Nikos Iordanidis

Personal information
- Full name: Nikolaos Iordanidis
- Date of birth: 17 July 1980 (age 46)
- Place of birth: Eptamyloi, Serres, Greece
- Height: 1.85 m (6 ft 1 in)
- Position: Forward

Youth career
- –1999: A.E Chrysou

Senior career*
- Years: Team / Apps / (Gls)
- 1999–2004: OFI / 46 / (17)
- 2003: → Akratitos (loan) / 12 / (8)
- 2003–2004: → Akratitos (loan) / 10 / (10)
- 2004: Kallithea / 10 / (5)
- 2004–2005: AEP Paphos / 19 / (15)
- 2005–2006: Panserraikos / 5 / (13)
- 2006–2007: Agrotikos Asteras / 40 / (16)
- 2007–2008: Olympiacos Volos / 25 / (10)
- 2008–2010: Agia Paraskevi / 53 / (24)
- 2010–2011: Panegialios / 21 / (6)
- 2012: Asteras Magoula / 28 / (20)
- 2012–2016: Pefki / 36 / (23)

= Nikos Iordanidis =

Greek footballer

Nikos Iordanidis (Νίκος Ιορδανίδης; born 17 July 1980) is a Greek former professional footballer who played as a forward.

==Career==
Born in Eptamyloi, Serres, He made his debut in professional football with OFI in the Alpha Ethniki at age 18 in 1999. That season, he was voted as the league's young footballer of the year. Iordanidis had hoped to join an Italian Serie B side in 2003, but OFI sent him on loan to Alpha Ethniki rivals Akratitos instead. Soon after, OFI cancelled his contract leaving him free to join Kallithea F.C. in January 2004.

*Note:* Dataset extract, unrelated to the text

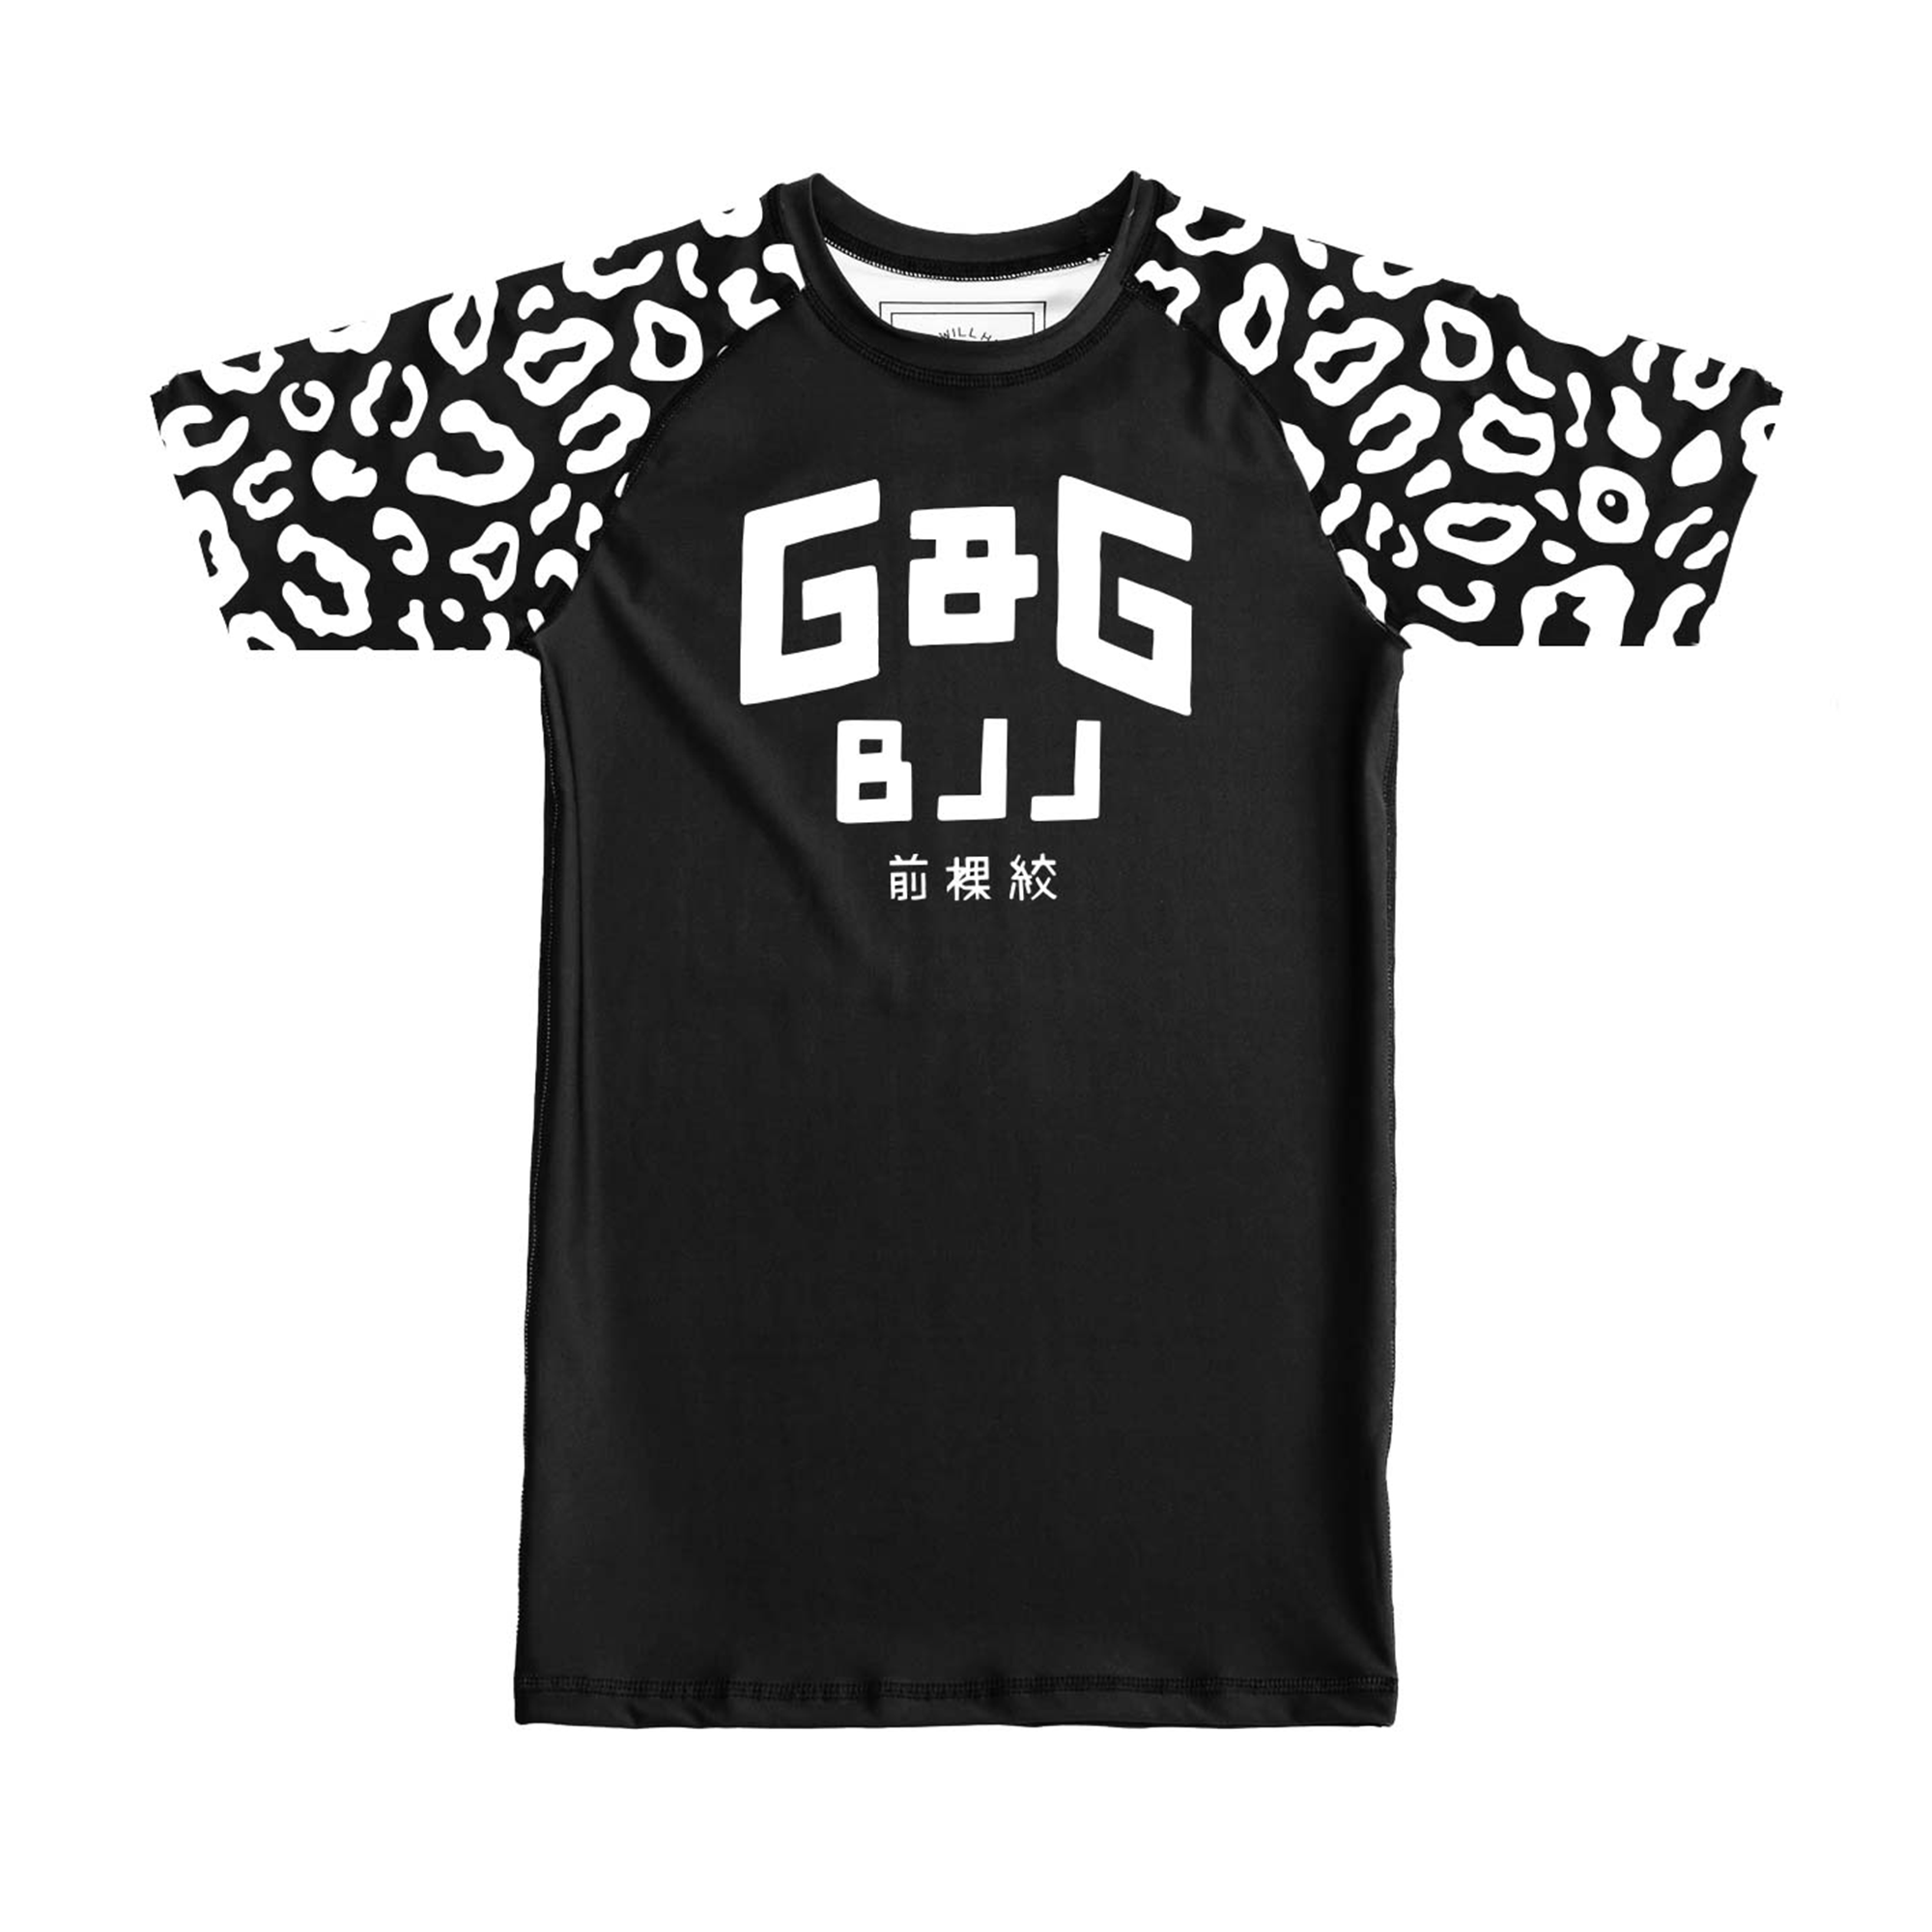 G&G Cheetah Rash Guard

Iordanidis had a brief spell in the Cypriot First Division with AEP Paphos F.C. and returned to Greece where he has played in the second and third divisions, most recently signing with Pefki, a club contesting in the Regional Championship, based in the homonymous northern suburb of Athens.